C) The cardiovascular system
  1. Thyroid hormone increases the number and affinity of B-adrenergic receptors in the heart: it also increases its sensitivity to catecholamines. (catecholamines increase all properties of the heart).
  2. Increased metabolism in the tissues causes more rapid utilization of oxygen and causes greater metabolic end products to be released from the tissues, These effects cause vasodilatation, thus increasing the rate of blood flow in the skin for heat elimination.
  3. Increase blood flow leads to increase venous return leading to an increase in cardiac output so the systolic blood pressure rises. but vasodilatation causes a decrease in diastolic blood pressure thus, pulse pressure is increased.
D) On respiration:

Thyroid hormone increases respiration due to an increased rate of metabolism which increases the utilization of oxygen and the formation of carbon dioxide.

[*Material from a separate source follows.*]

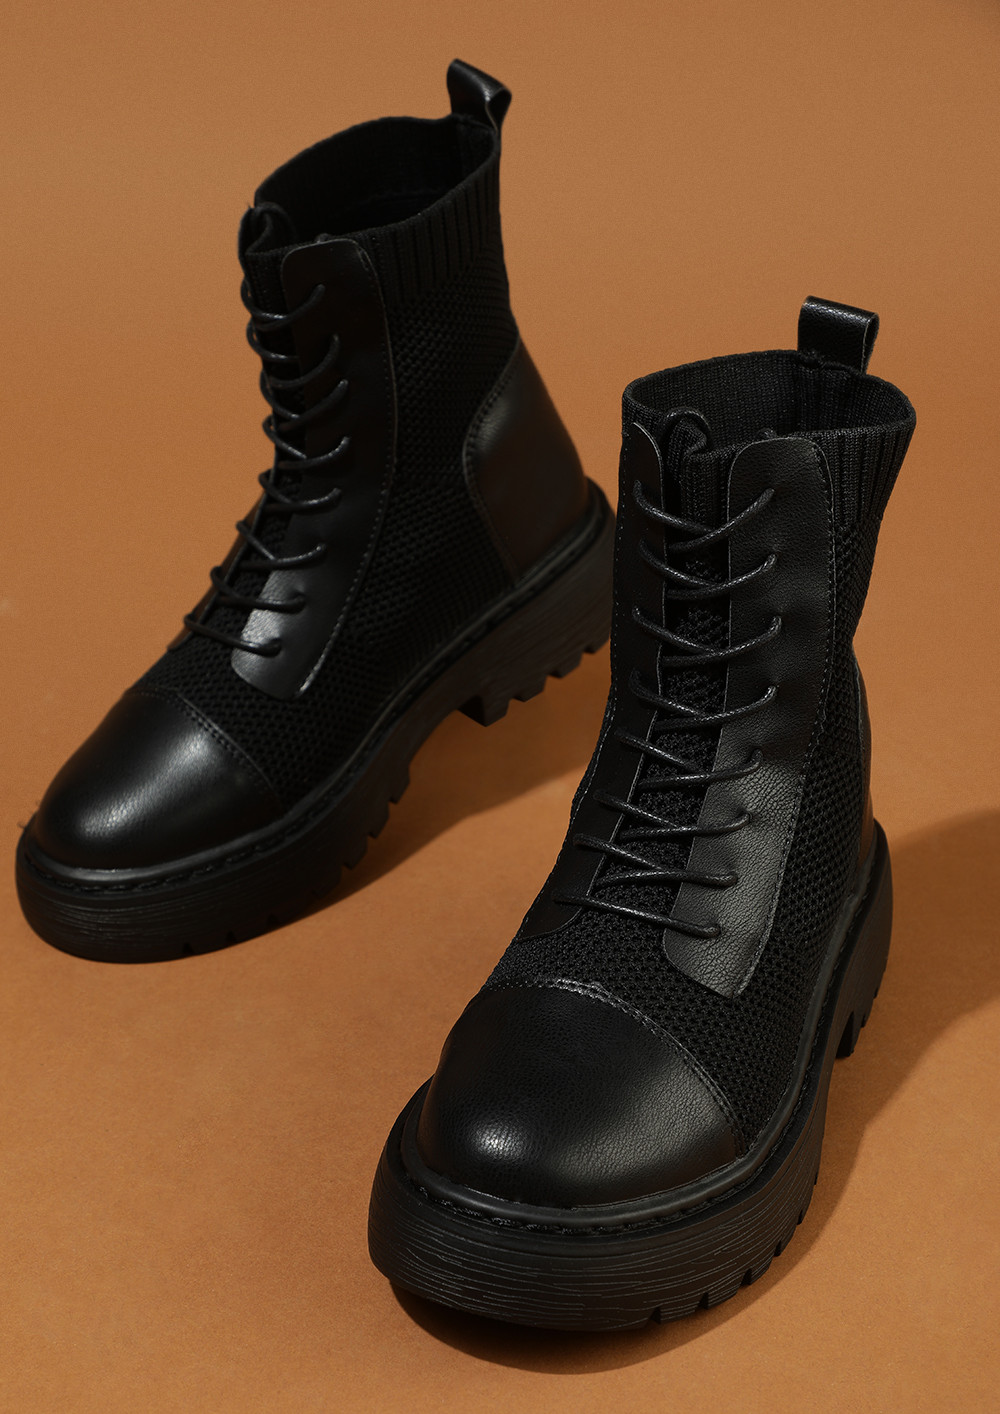 MARCH PAST THE HATERS BLACK COMBAT BOOTS

Also, it helps dissociation of O2 from heamoglobin by increasing the amount of 2.3  diphosphoglyceride (DPG) in the RBCs.

E) On the GIT

They increase the rate of secretion of the digestive juice and motility. This leads to increase appetite and food intake.

F) On sexual functions

For a normal sexual function to act thyroid hormone secretion needs to be approximately normal. Thyroid hormones are essential for normal menstrual cycles and fertility. They increase milk secretion in lactating women.